Size and polymorphism (occasionally) of the worker vary (worker HW 0.42-2.25). Masticatory and mandibular basal borders can converge at an oblique angle but are frequently separate. The proximal tooth is typically lacking, while the basal border has 0–2 teeth. Three to six subequal-sized teeth, usually three, are present at the masticatory edge. A single, continuous, weak elevation that is substantially rounded behind the masticatory and basal margins is seen on the mandibular venter (sometimes this ridge is very reduced). All species, with the exception of T. tessmanni, have a palp formula of 6,4; (4p3.3). The distal border of the labrum occasionally has noticeable teeth or protuberances in addition to a narrow, notch-like fissure. The anterior margin of the median clypeal lobe is frequently serrated or crenulate; it has a continuous, non-truncate anteriorodorsal surface. Twelve-segmented antennas. The medial lobes of their antennal sclerites, which were quite significantly extended laterally, covered most of the antennas Queen’s basal condyles.

Tetraponera

  • Queen

Similar to workers in the majority of ways; mandibles frequently changed, such as having a significantly larger apicobasal area or being basally geniculate. Frequently found, right above mandibular insertions, is the genal pit. Ocelli (3) is constantly there. More noticeable than in workers are the mid and hind basitarsal sulci. Forewing normally has two cubital cells, though occasionally only one cell is present.

  • Male

Mandibular basal margins are at least two-thirds the length of their masticatory margins, and they frequently converge at a rounded angle rather than a sharp apico-basal angle.

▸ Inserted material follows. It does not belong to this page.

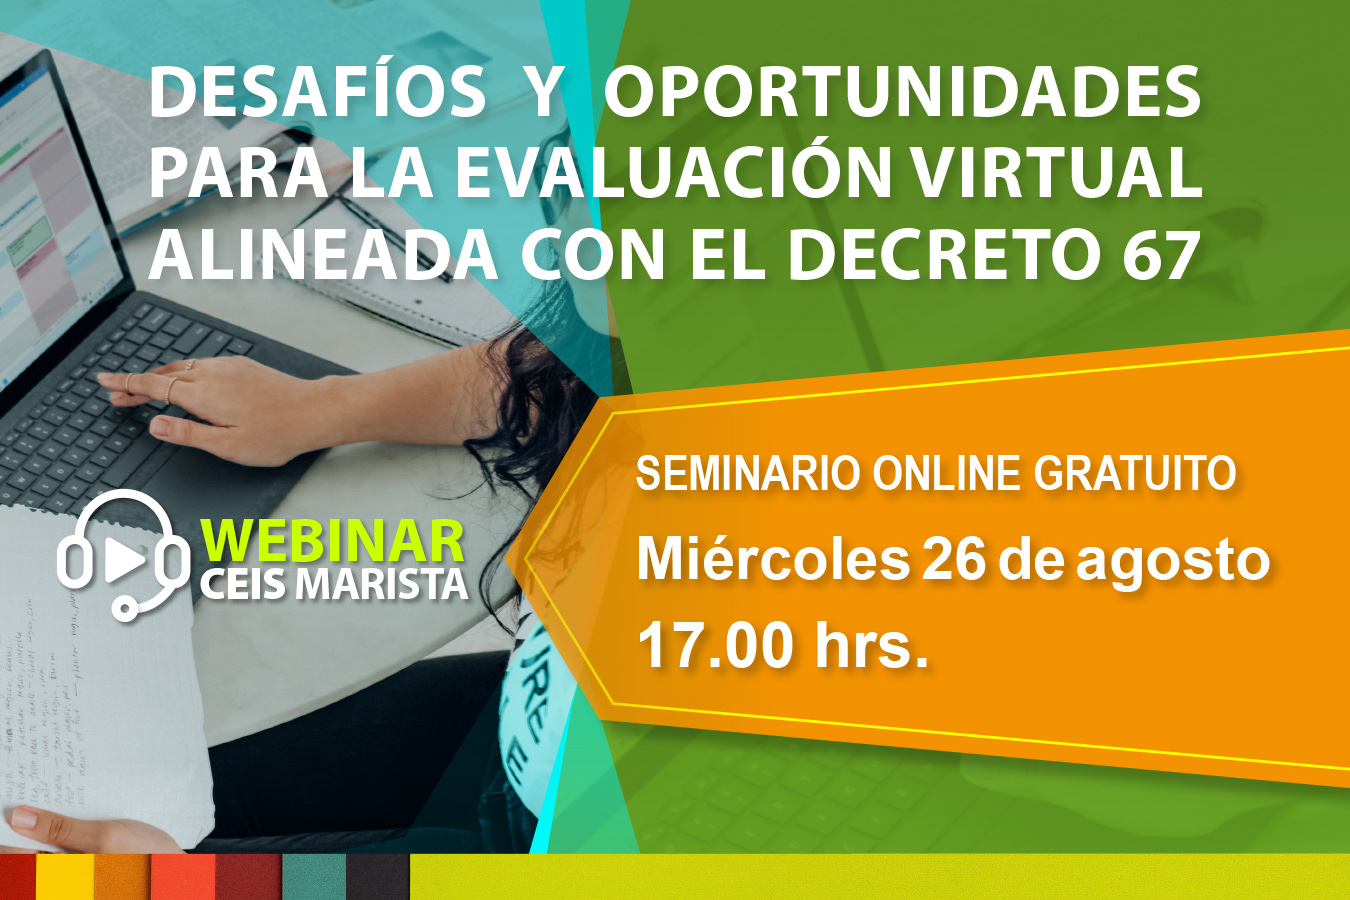 DESAFÍOS Y OPORTUNIDADES PARA LA EVALUACIÓN VIRTUAL ALINEADA CON EL DECRETO 67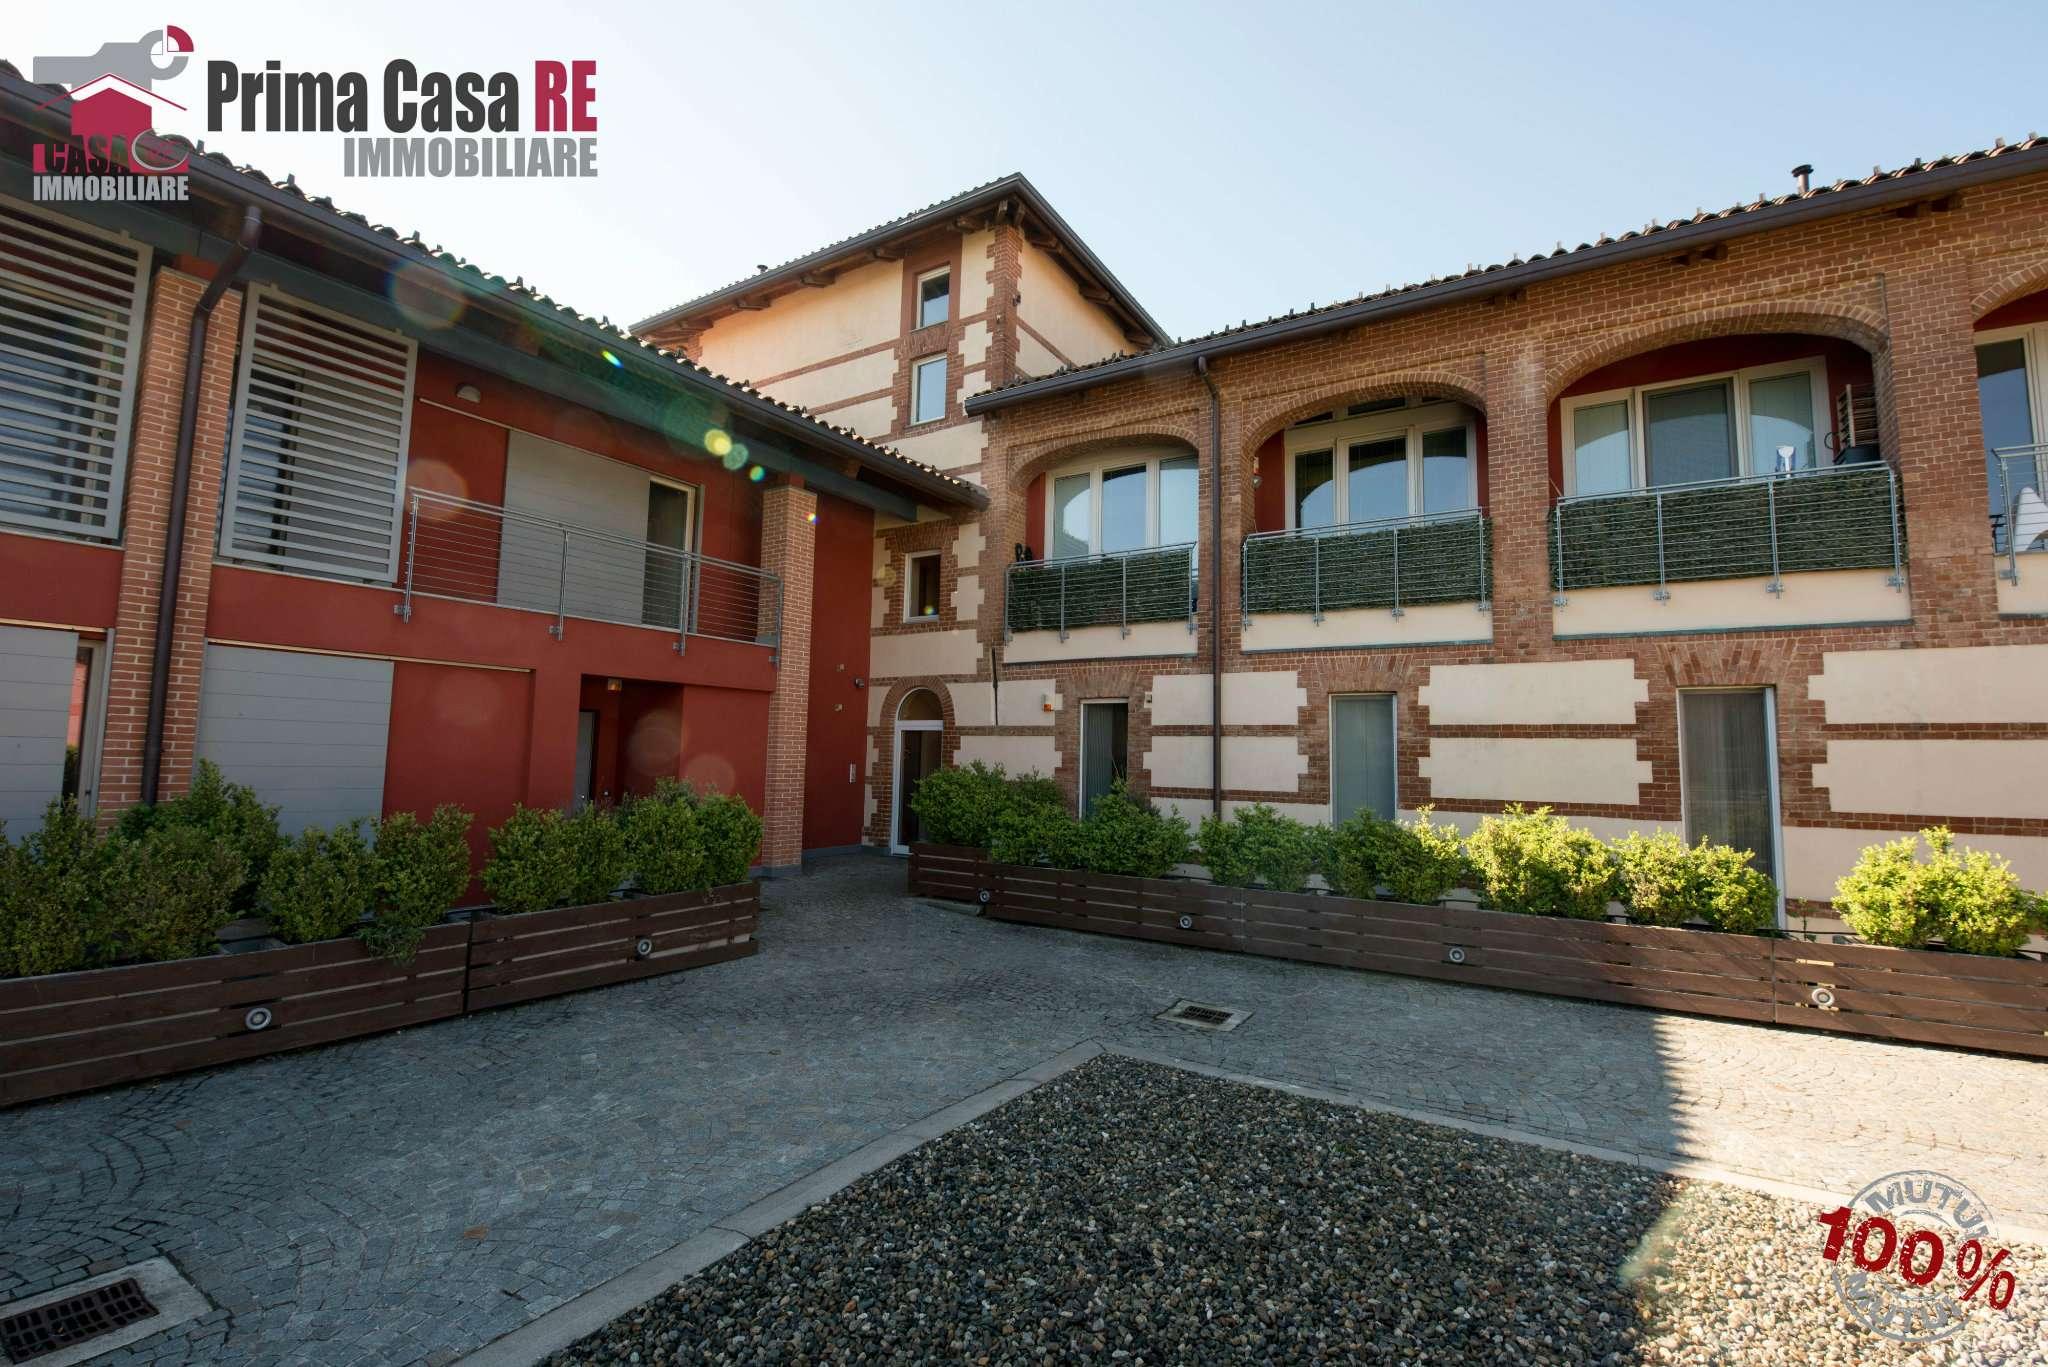 Attico / Mansarda in affitto a Volpiano, 3 locali, prezzo € 600 | CambioCasa.it

The basal margin of mandibles has 0–1, very rarely 1, teeth, while the masticatory margin has 2–6, typically subequal-sized teeth. Labrum and palp ulum are workers’ terms. Clypeal lobe can occasionally be dorsomedially protuberant; anterior edge of clypeus straight to widely convex, seldom emarginate. Antennal insertions are located quite close to the posterior margin of the clypeus, and antennal sclerites frequently protrude anterodorsally over the frontal triangle (separated by less than the maximum diameter of the antennal fossa).